New strlen(3) committed
Finally, I got my strlen(3)  committed against -HEAD. This is a long story, to put it short, I had proposed assembly version of some string operations at the point of 2005, but these was never committed due to a hard disk failure, and as Bruce pointed out, having the hand optimized assembly code use a different algorithm is not good in general.
Therefore, I have take some time on it and reimplemented the idea in C, resulting in a portable (say, you can use it on any 32-bit or 64-bit processors, and it can be easily extended to 128-bit) version.
So, is it important for *YOU*?
Generally speaking, it should not. Performance sensitive programs should, by all means, avoid C style string operations. Think a 5x better strlen(3) would boost performance of your application since it uses strlen(3) in critical path? Think again!
However, I found it valuable. There is difference in worldstone, where I saw some minor improvements.
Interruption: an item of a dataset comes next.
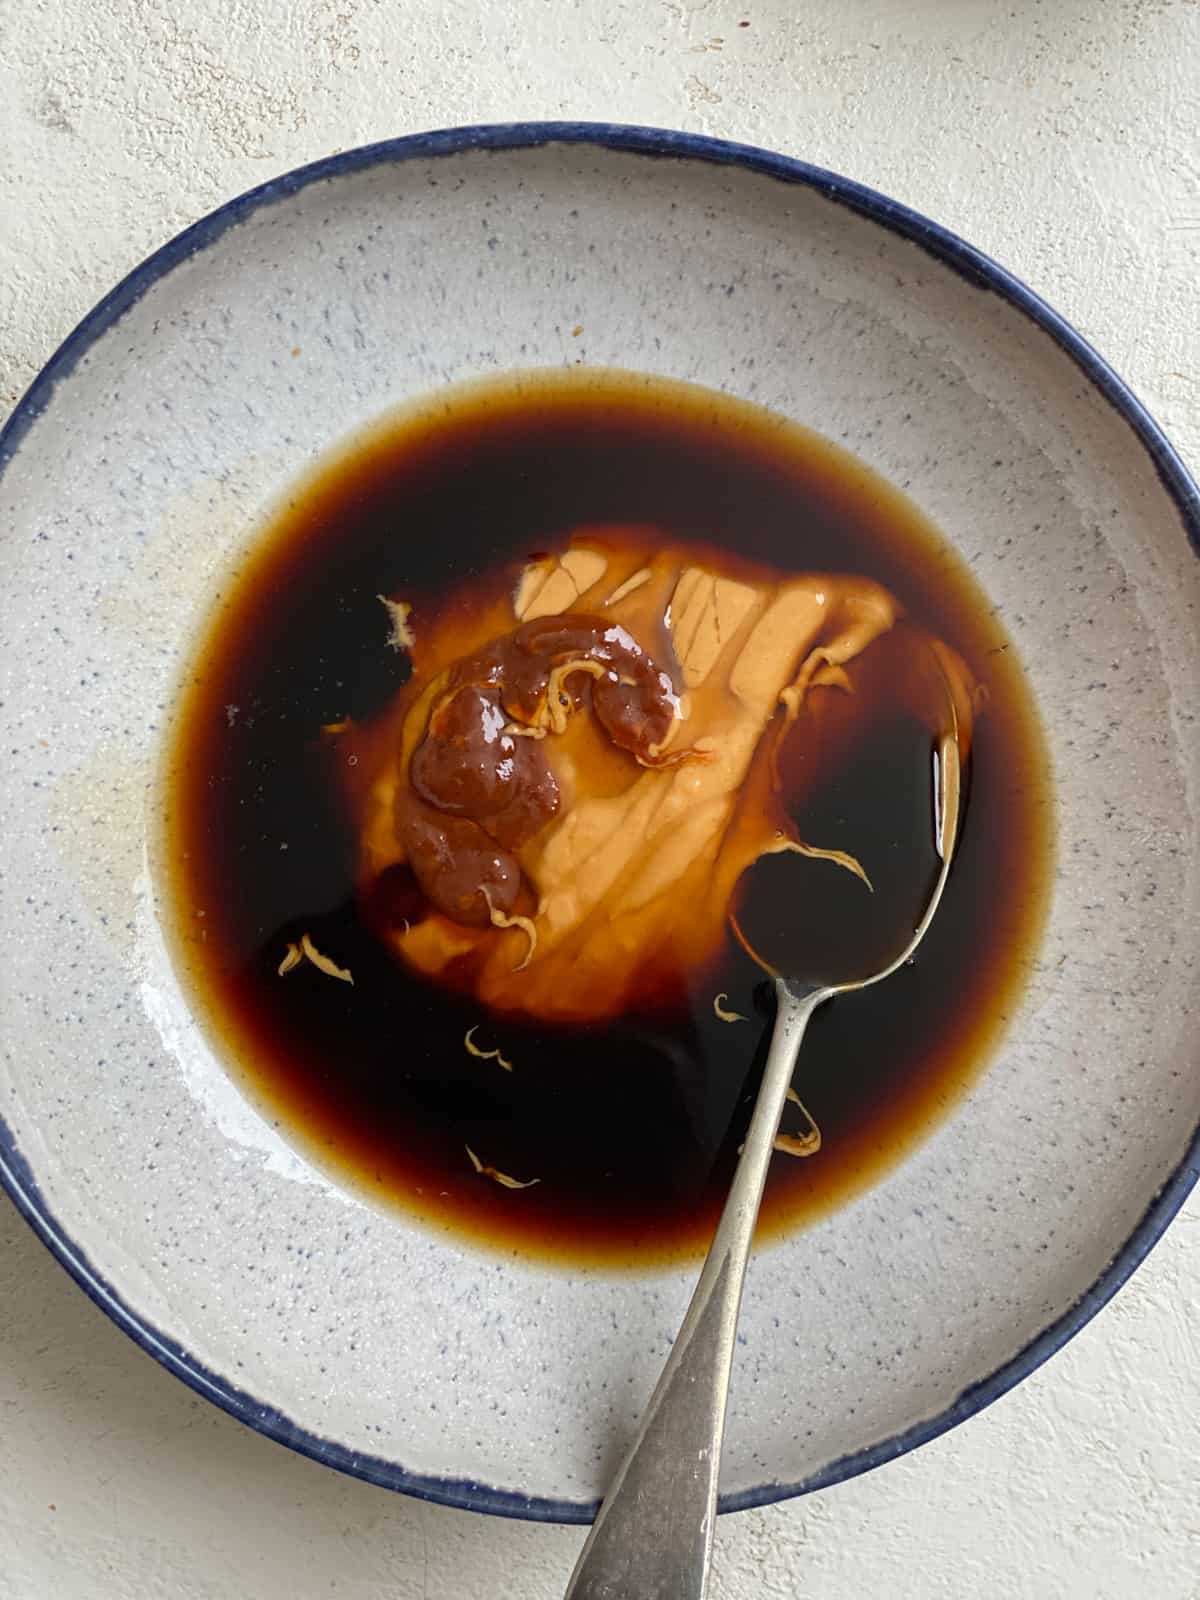 process of mixing peanut butter and soy sauce in a bowl

Micro-benchmark indicates that this version is at most 2x slower when the string is very short, but 5x faster for strings that is at least word-length long.
 Note: the version has been further revised to provide better comment and match style(9).
As a next step, I intend to carefully check and decide whether we should also make similar change to certain string functions that can (presumbly) benefit from similar algorithm.
So, how can a program that intends to deal with string to gain better performance?
Generally speaking: avoid C string functions, especially strlen(), strdup() and friends, always store length together with your string, if you need to do operations that would need its length information, try to align the string to match cache line, in order make it easier for processor to handle, etc.